Het 1927 New York Yankees team wordt beschouwd als een van de grootste ploegen die ooit het veld hebben betreden. Bekend als Murderers” Row vanwege de kracht van de line-up, veroverde de ploeg de eerste plaats op Labor Day, won een toenmalig AL-record van 110 wedstrijden en pakte de AL-wimpel met 19 wedstrijden verschil. Er was geen spanning meer in de wimpelrace, en de natie richtte haar aandacht op Ruth”s jacht op zijn eigen homerunrecord van 59 homeruns in één seizoen. Ruth was niet alleen in deze jacht. Teamgenoot Lou Gehrig bewees een slagman te zijn die in staat was Ruth uit te dagen voor zijn homeruns; hij evenaarde Ruth met 24 homeruns eind juni.
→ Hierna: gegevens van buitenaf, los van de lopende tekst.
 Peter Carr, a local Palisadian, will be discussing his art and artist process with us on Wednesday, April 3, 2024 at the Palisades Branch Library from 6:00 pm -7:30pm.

In juli en augustus werd het dynamische duo nooit gescheiden door meer dan twee homeruns. Gehrig nam de leiding, 45-44, in de eerste wedstrijd van een doubleheader op Fenway Park begin september; Ruth antwoordde met twee knallen van zijn eigen om de leiding te nemen, zoals het bleek permanent-Gehrig eindigde met 47. Toch was Ruth op 6 september nog steeds een aantal wedstrijden verwijderd van zijn tempo van 1921, en bij het ingaan van de laatste reeks tegen de Senators had hij er slechts 57. Hij sloeg er twee in de eerste wedstrijd van de reeks, waaronder één op Paul Hopkins, die zijn eerste slagman in de Major League tegenover zich had, om het record te evenaren. De volgende dag, 30 september, brak hij het met zijn 60e homer, in de achtste inning op Tom Zachary om een 2-2 stand te breken. “Zestig! Laat eens zien hoe een klootzak dat kan verbeteren”, jubelde Ruth na afloop van de wedstrijd. Naast zijn record van 60 homeruns sloeg Ruth .356, bracht 164 punten binnen en had een slaggetal van .772. In de World Series van 1927 veegden de Yankees de Pittsburgh Pirates in vier games van de mat; de National Leaguers waren ontmoedigd toen ze zagen hoe de Yankees slagtraining hielden voor Game One, waarbij bal na bal Forbes Field verliet. Volgens Appel, “De 1927 New York Yankees. Zelfs vandaag nog boezemen de woorden ontzag in … alle honkbalsuccessen worden afgemeten aan het team van ”27.”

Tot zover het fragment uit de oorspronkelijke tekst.